↓↓↓
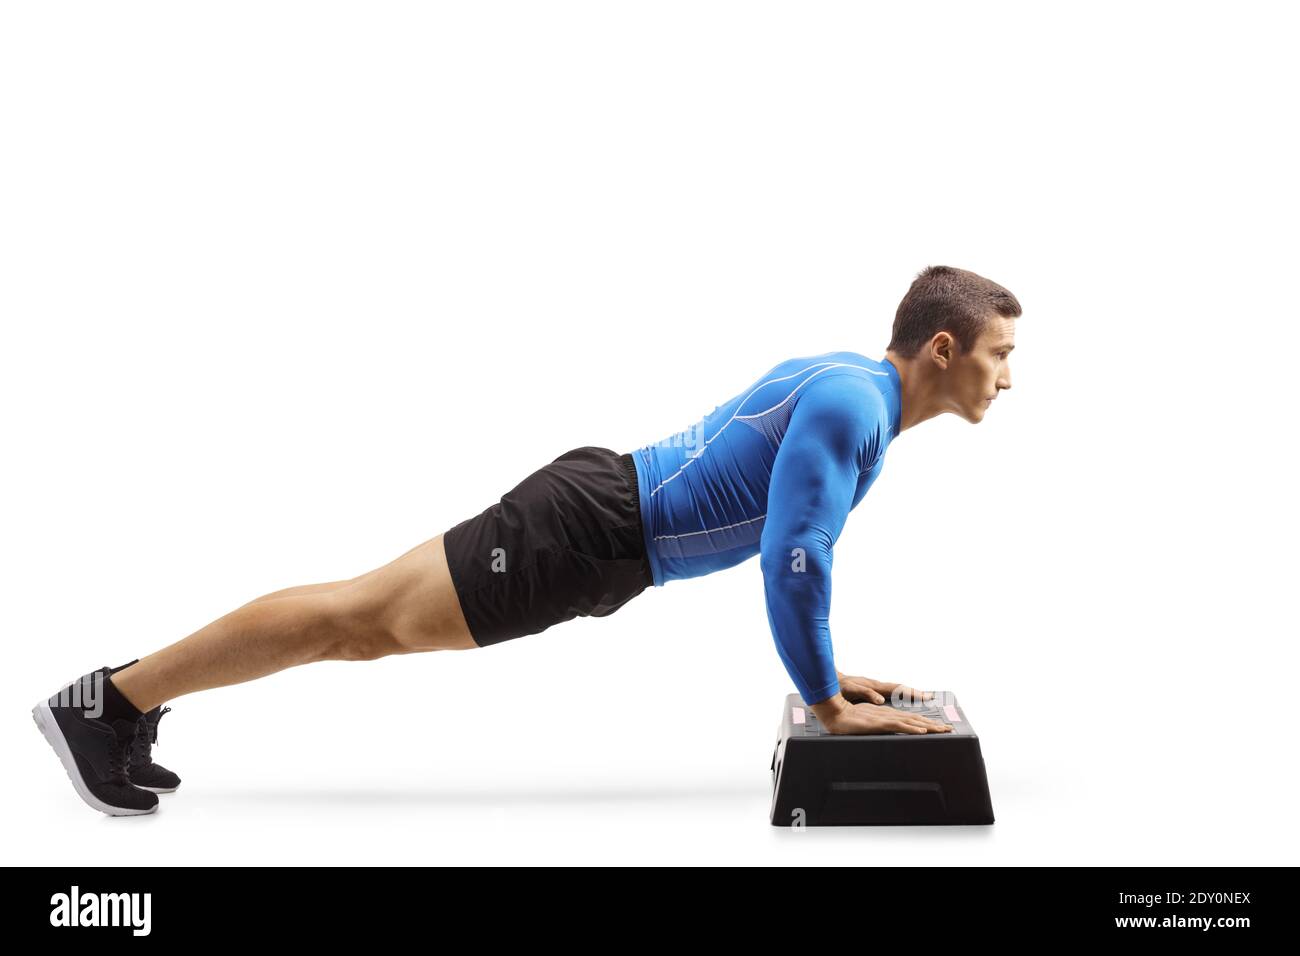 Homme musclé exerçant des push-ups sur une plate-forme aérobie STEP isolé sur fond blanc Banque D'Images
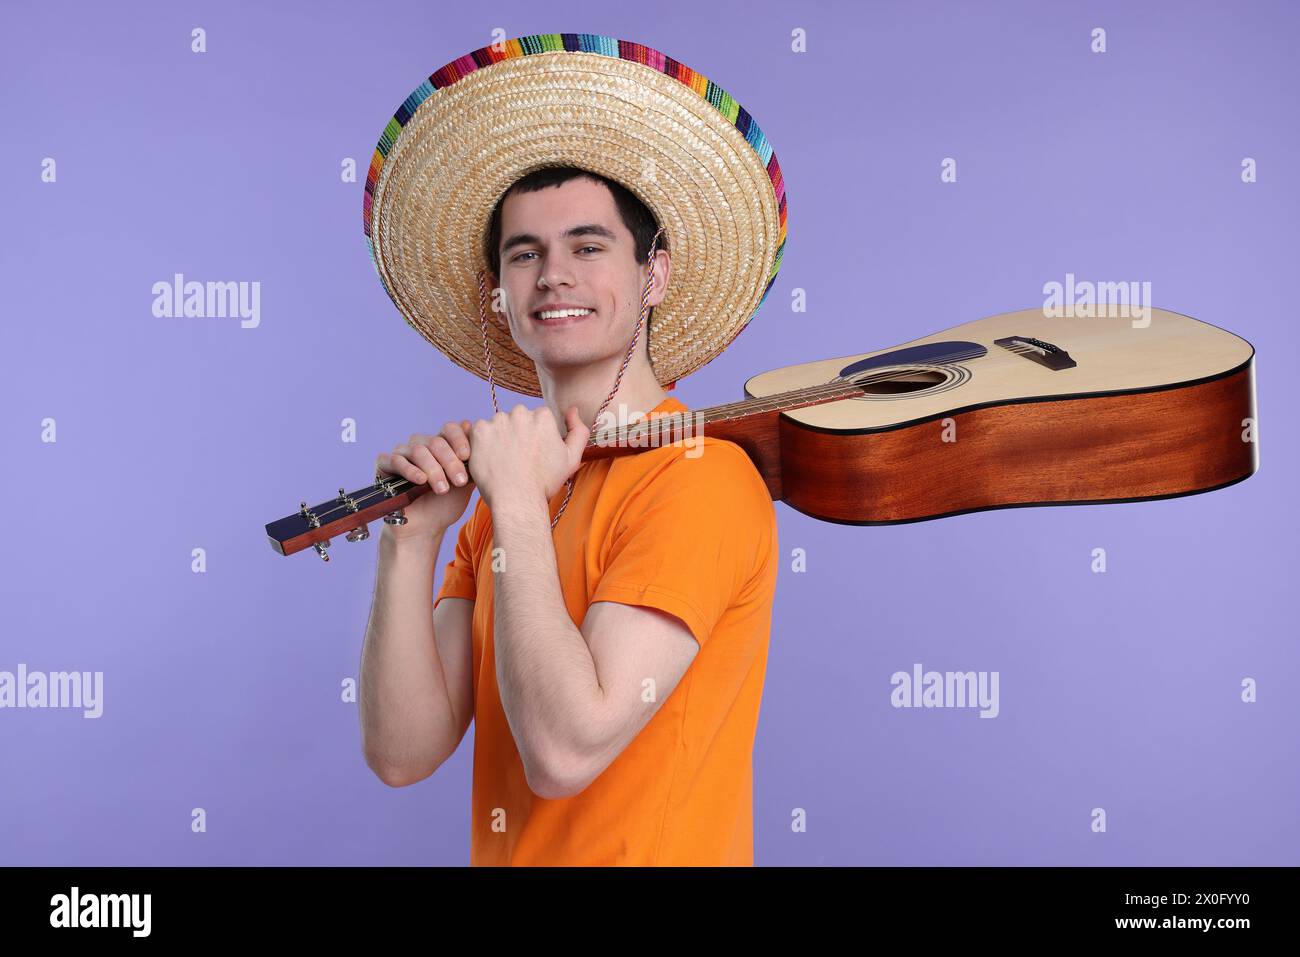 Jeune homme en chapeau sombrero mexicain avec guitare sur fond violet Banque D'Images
↑↑↑
↓↓↓
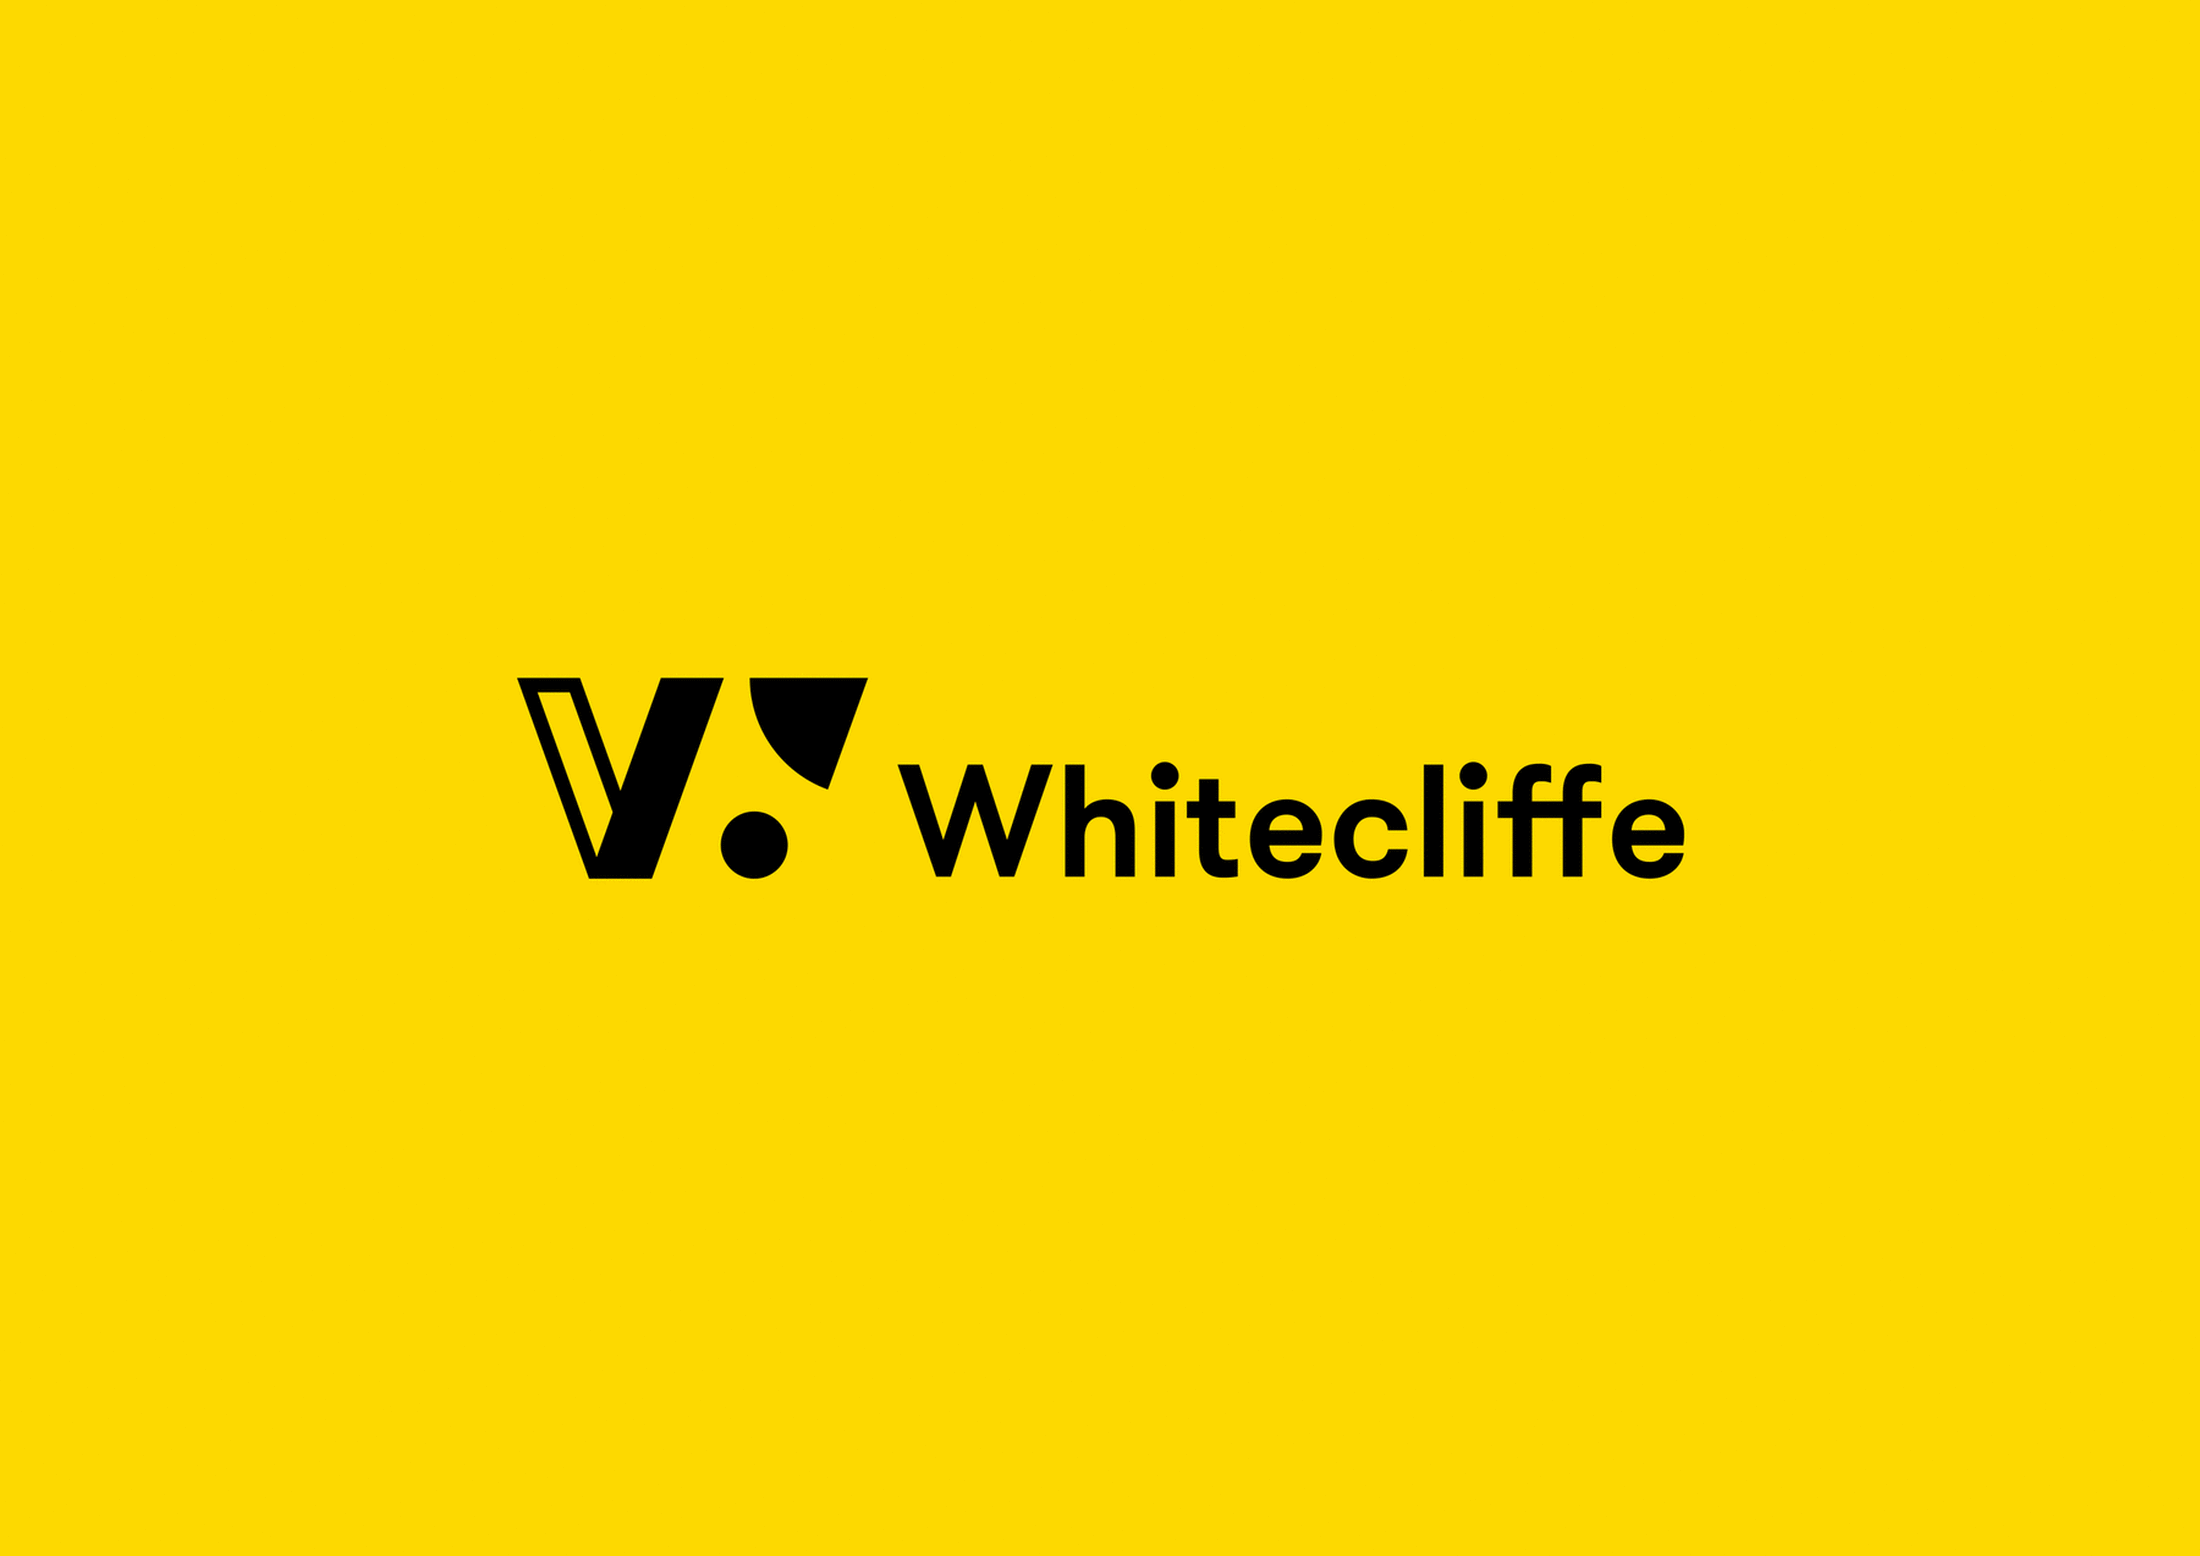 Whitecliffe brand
↑↑↑
↓↓↓
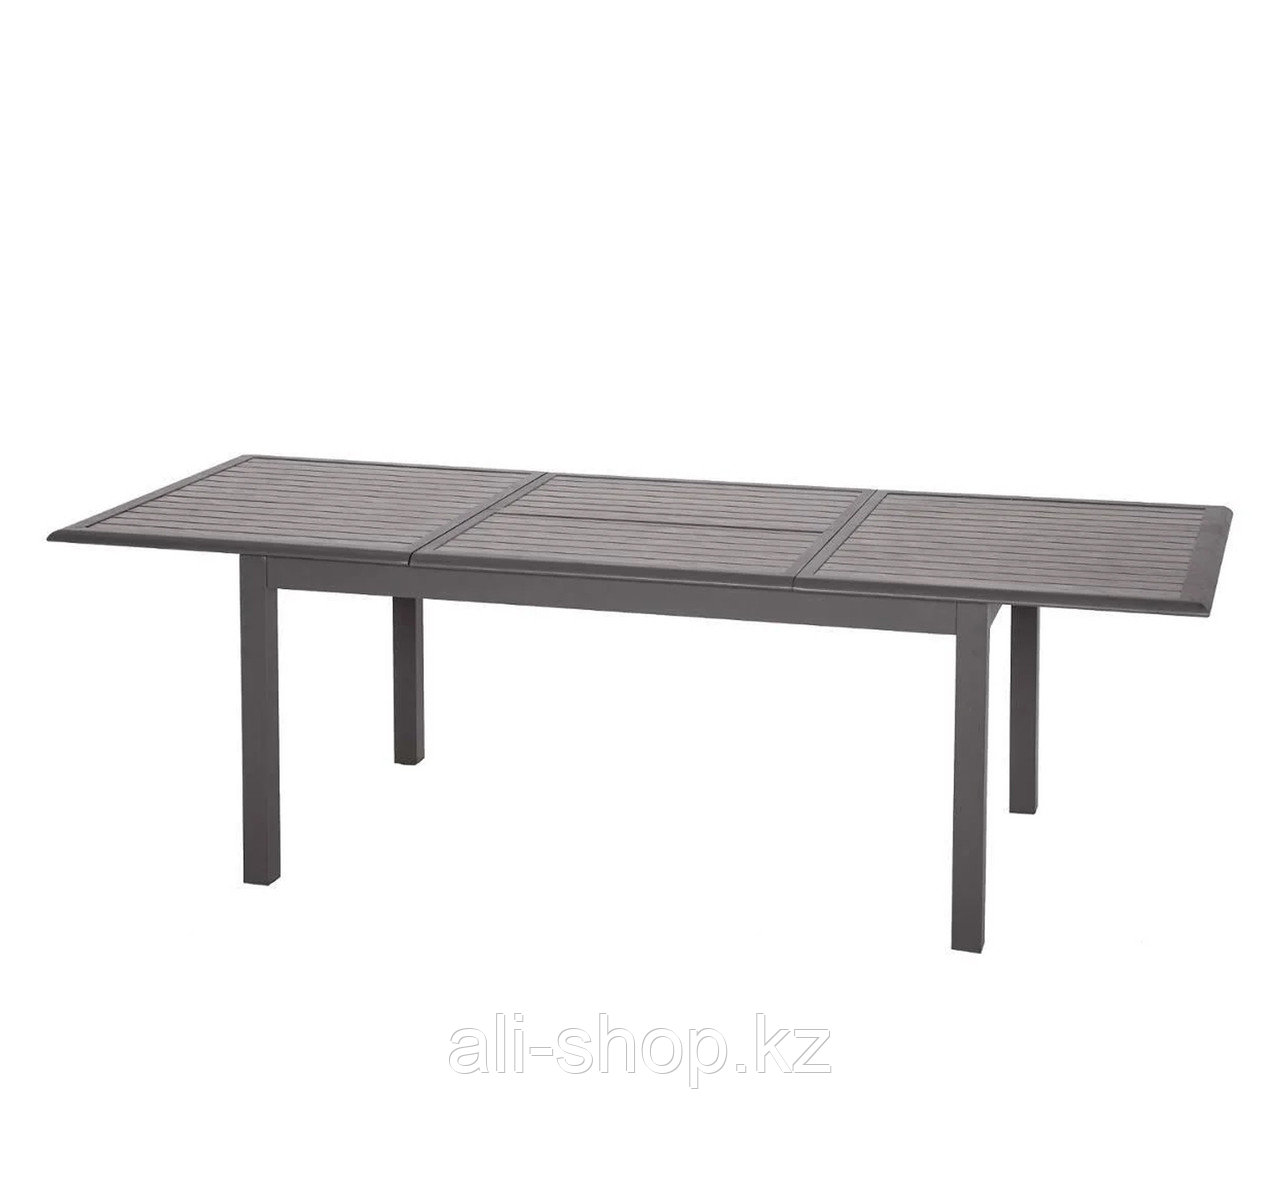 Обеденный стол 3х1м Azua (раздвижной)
↑↑↑
▸ YOUR INSTRUCTIONS: Start at the line containing "Homme musclé exerçant" above and stop at the line containing "Jeune homme en". Output those lines exactly, both included, but none of the pictures.

▸ EXERCISE OUTPUT:
 Homme musclé exerçant des push-ups sur une plate-forme aérobie STEP isolé sur fond blanc Banque D'Images
 Jeune homme en chapeau sombrero mexicain avec guitare sur fond violet Banque D'Images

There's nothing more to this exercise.